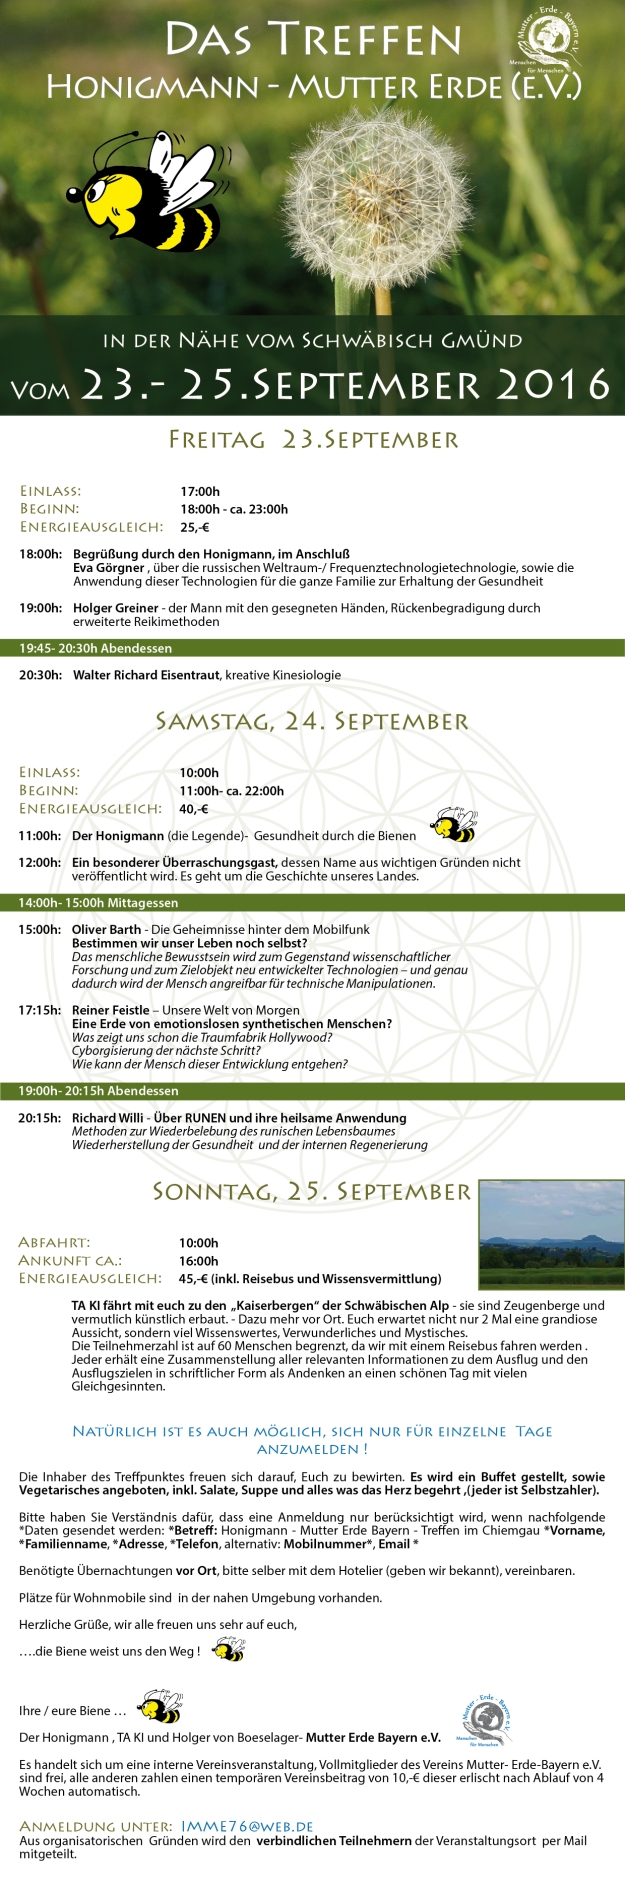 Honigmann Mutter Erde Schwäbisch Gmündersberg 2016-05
* * *
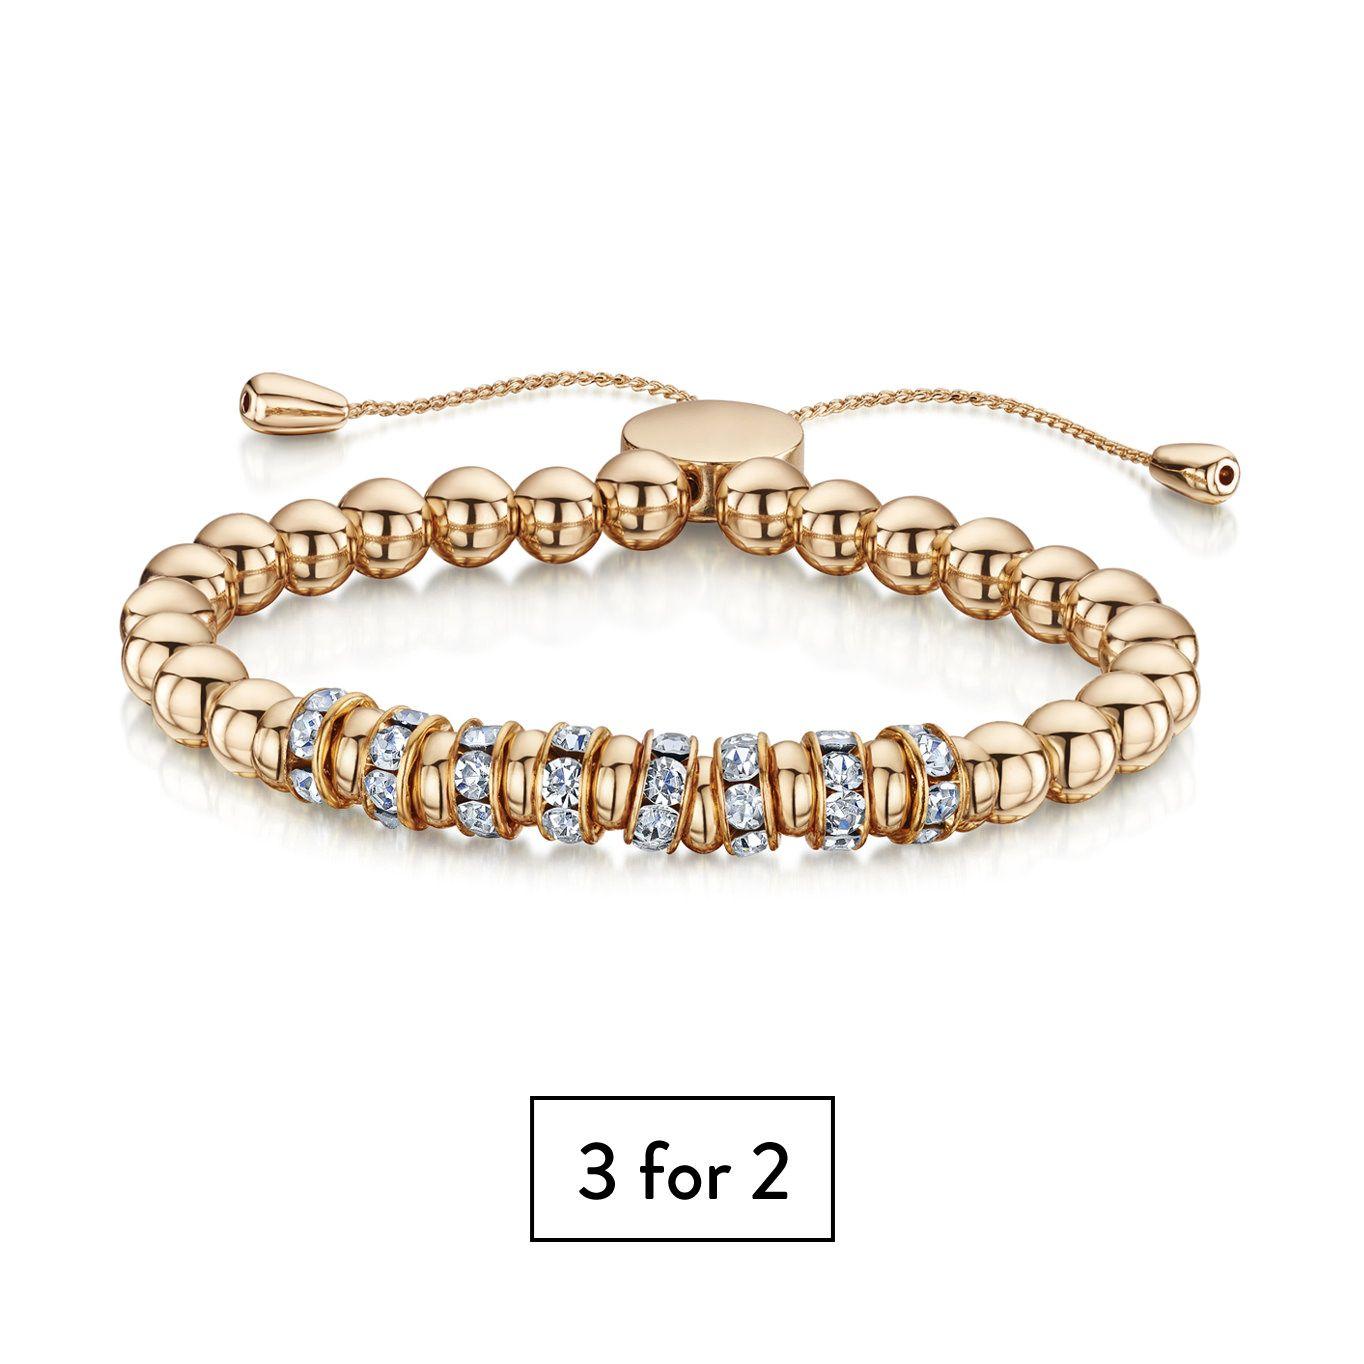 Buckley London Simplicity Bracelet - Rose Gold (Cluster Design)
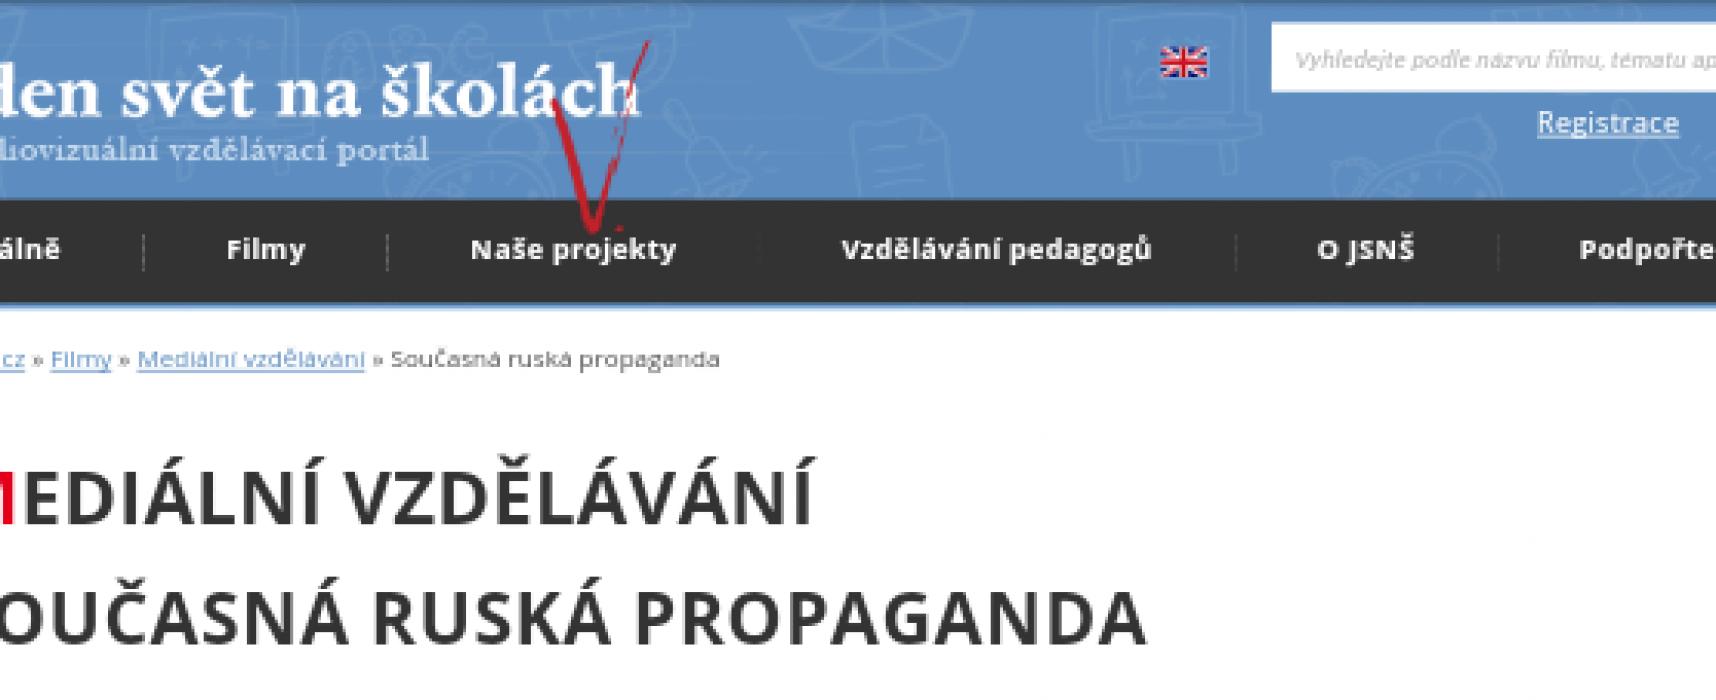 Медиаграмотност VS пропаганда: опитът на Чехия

### Work to be completed
Beginning at the line above that contains "Buckley London Simplicity" and going on through the line that contains "Медиаграмотност VS пропаганда: опитът", please copy every line exactly, leaving the pictures out and adding nothing.

### Response to the exercise
 Buckley London Simplicity Bracelet - Rose Gold (Cluster Design)
 Медиаграмотност VS пропаганда: опитът на Чехия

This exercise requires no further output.